— Collected data —
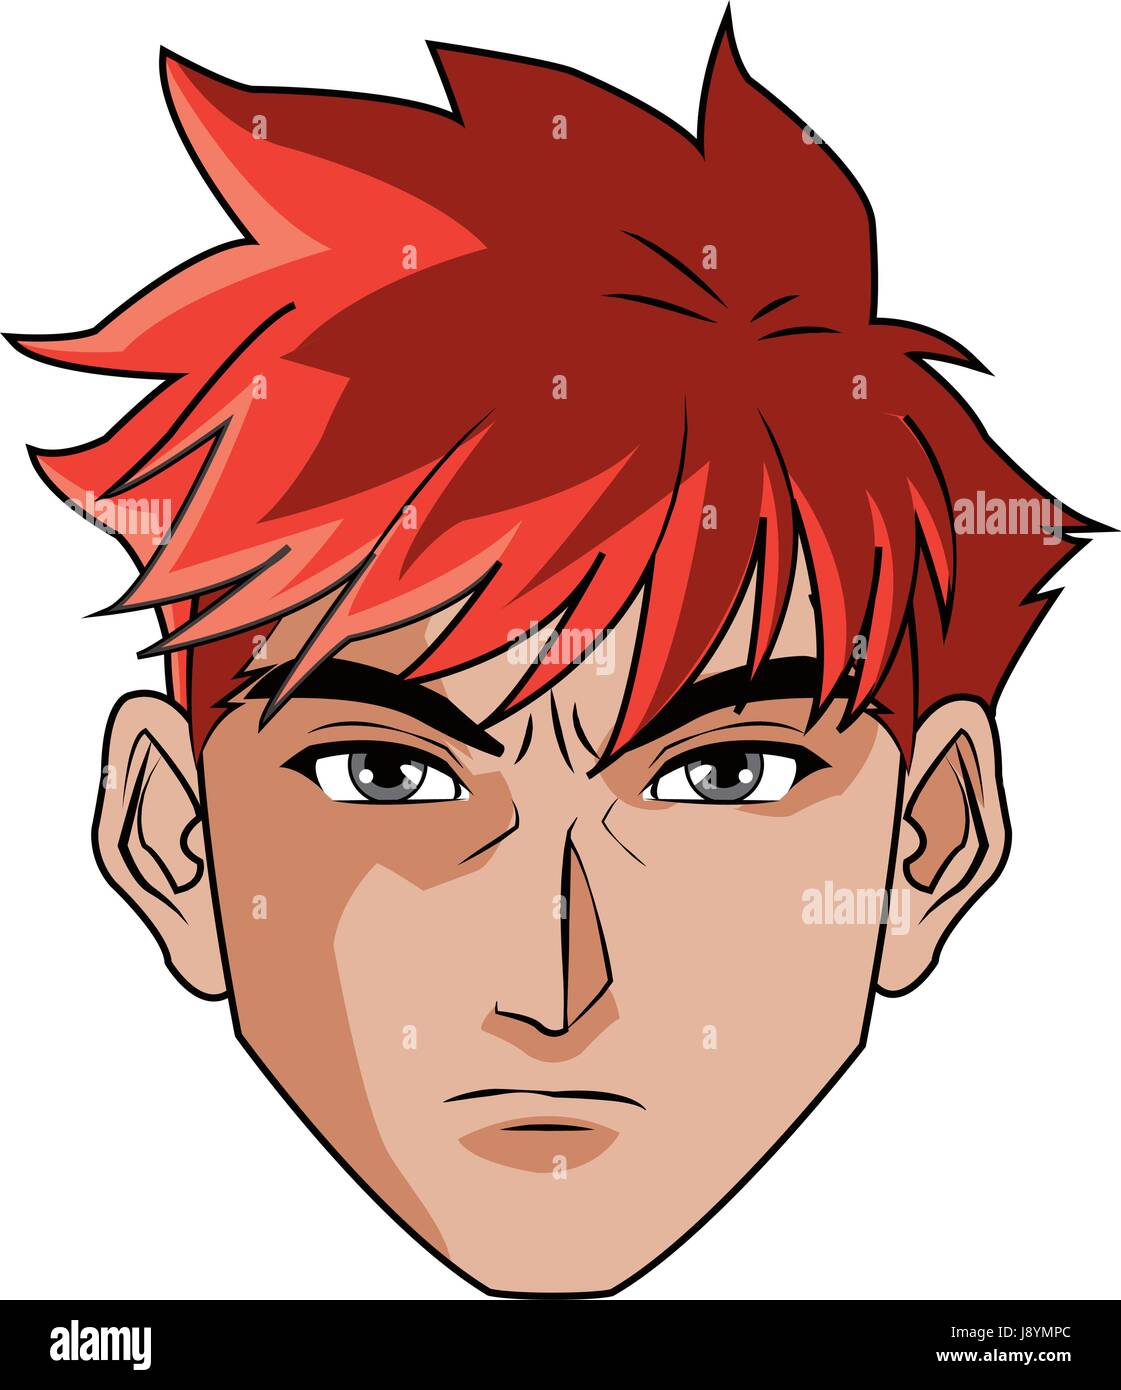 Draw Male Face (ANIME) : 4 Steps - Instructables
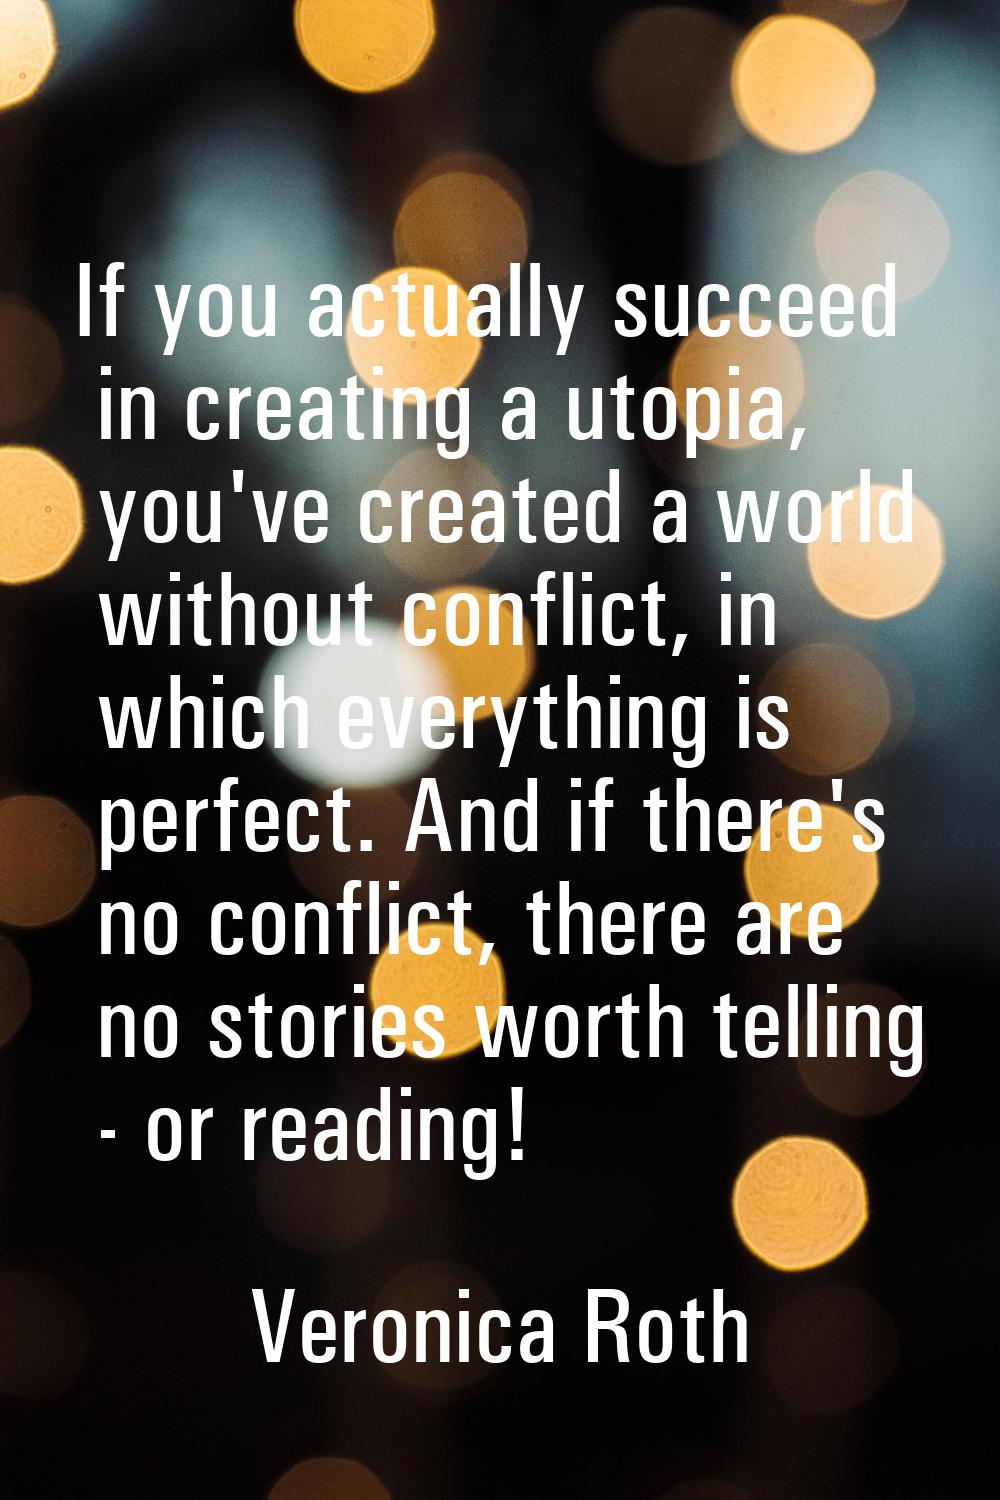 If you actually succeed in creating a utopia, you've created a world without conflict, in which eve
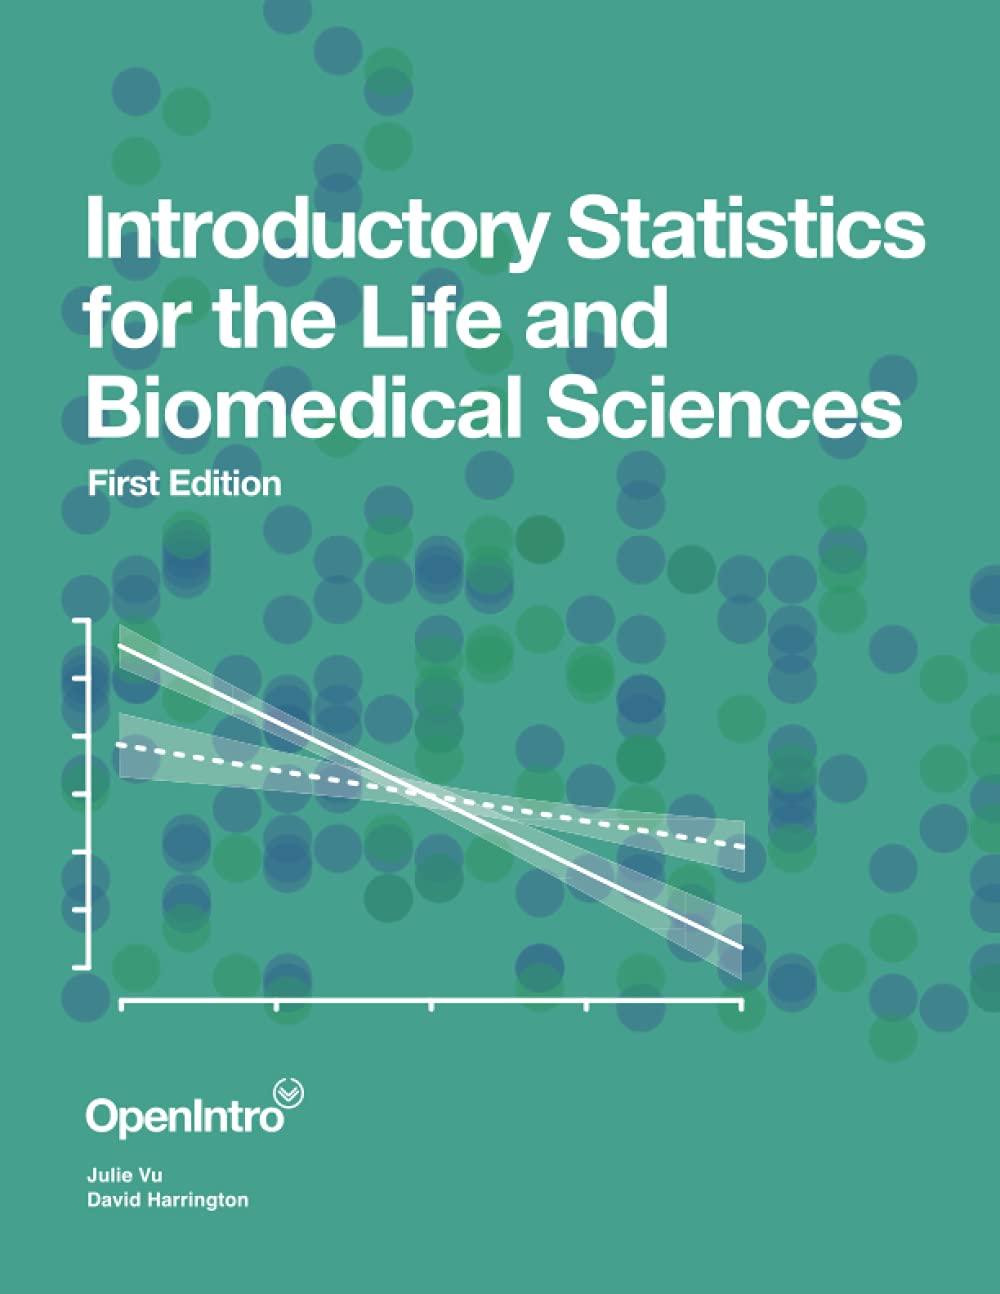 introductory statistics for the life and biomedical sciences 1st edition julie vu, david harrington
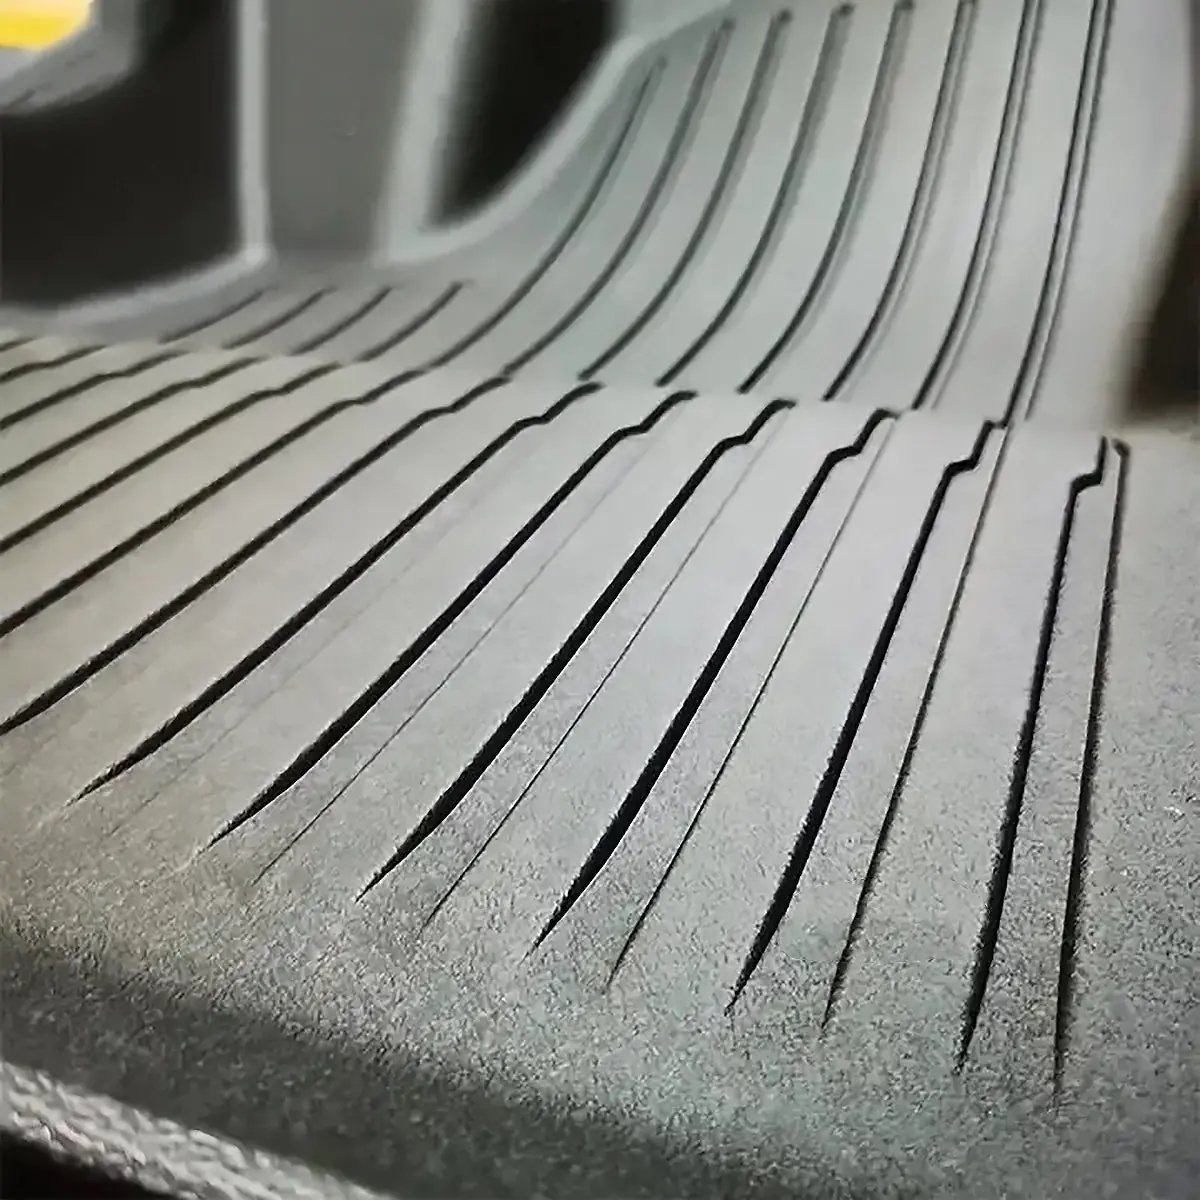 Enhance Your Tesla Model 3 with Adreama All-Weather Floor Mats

— What you will do —
Omit the pictures and output all remaining material exactly.

— Response to this task —
 Draw Male Face (ANIME) : 4 Steps - Instructables
 If you actually succeed in creating a utopia, you've created a world without conflict, in which eve
 introductory statistics for the life and biomedical sciences 1st edition julie vu, david harrington
 Enhance Your Tesla Model 3 with Adreama All-Weather Floor Mats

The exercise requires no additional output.